We all know that list stored in accordance with the order of insertion, in fact, you can also use natural sorting and customer sorting list set, please see:

Package cn.set;
Import java.util.ArrayList;
Import java.util.Collections;
 
Import java.util.List; Class MySort1 implements java.util.comparator<student3>{public int compare (Student3 O1, Student3 O2) {return O2
 . id-o1.id;
 Class STUDENT3 implements comparable<student3>{int id;
 public Student3 (int id) {this.id = ID;
 @Override public String toString () {return this.id+ "";
 public int compareTo (Student3 o) {return (this.id-o.id); } public class Listsort {public static void main (string[] args) {list<student3> List = new Arraylist<stu
  Dent3> ();
  Student3 S1 = new Student3 (5);
  Student3 s2 = new Student3 (1);
  Student3 s3 = new Student3 (2);
  Student3 S4 = new Student3 (4);
  Student3 S5 = new Student3 (3);
  List.add (S1);
  List.add (S2);
  List.add (S3);
  List.add (S4);
  List.add (S5);
  SYSTEM.OUT.PRINTLN (list);
  Natural sort: collections.sort (list);
  SYSTEM.OUT.PRINTLN (list);
  Customer sort Collections.sort (list, new MySort1 ()); SysTEM.OUT.PRINTLN (list); }
}

The output results are:
[5, 1, 2, 4, 3]
[1, 2, 3, 4, 5]
[5, 4, 3, 2, 1]

Here is a description of the set collection interface in Java to implement the principle of not duplicating the inserted object:

In the Java collection, the rule that determines whether two objects are equal is:

1), to determine whether the hashcode of two objects are equal
If not equal, the two objects are not equal, complete
If equal, transfer to 2)
(This is only to improve the storage efficiency of the requirements, in fact, can not, in theory, but if not, the actual use of efficiency will be greatly reduced, so we here to do it as required.) We will focus on this issue later. ）
2), to determine whether two objects are equal to the equals operation
If not equal, two objects are considered unequal
If equal, two objects are considered equal (equals () is the key to determining whether two objects are equal)

for objects of the generic class (other than the encapsulated type object such as String):

If the generic class does not override the Hashcode () and Equals () methods, then its object is compared to the hashcode () method in the inherited object class, and the Hashcode () method in the object class is a local method that compares the return value of the method. Compare the address of the object (reference address) and use the new method to create objects of the same content, two of which are of course different objects. Unless you override the Hashcode () method. The Equals () method defined in the object class is also a comparison of the object's address. In a word: if you do not rewrite the hashcode () and Equals () methods of the normal class, the object reference address in the Set collection is not the same, and the object is not duplicated.

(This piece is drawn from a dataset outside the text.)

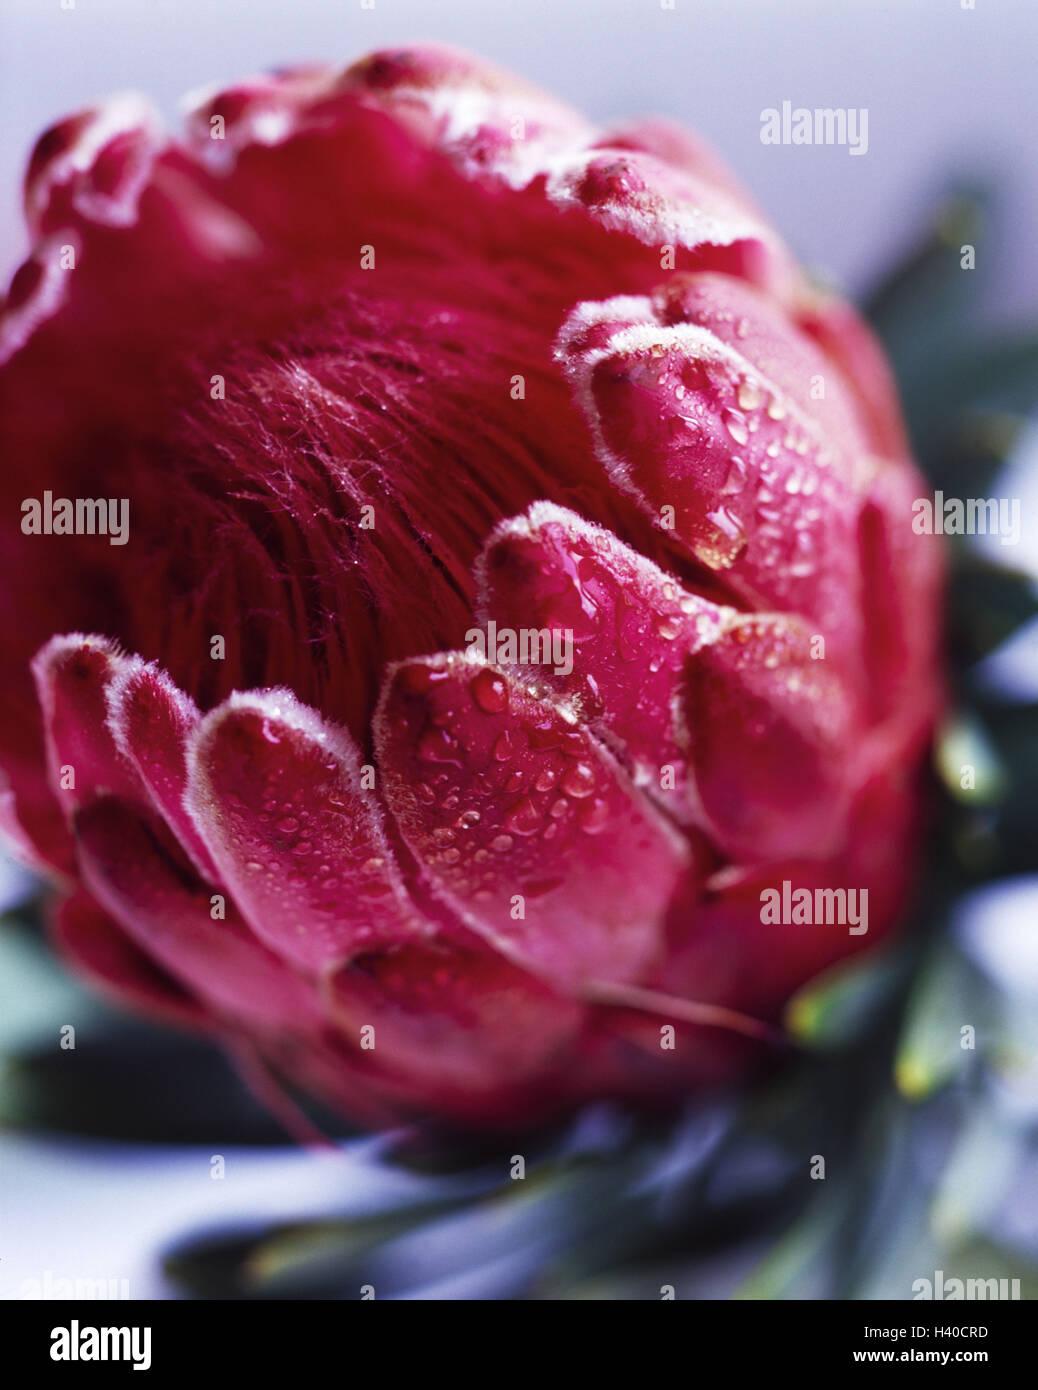 Protea Protea Spec Detail Blossom Red Drops Water Plant Stock

for objects such as String, Integer, double And so on):

Because the encapsulated class itself has overridden the hashcode () method, and the overridden method's return value is related to the object's content, not to the reference address. The Equals () method in these encapsulated classes is also overridden to compare the contents of the object, rather than the reference address. A word Summary: Objects of class string are compared to their contents in the collection, and the same content overrides existing objects.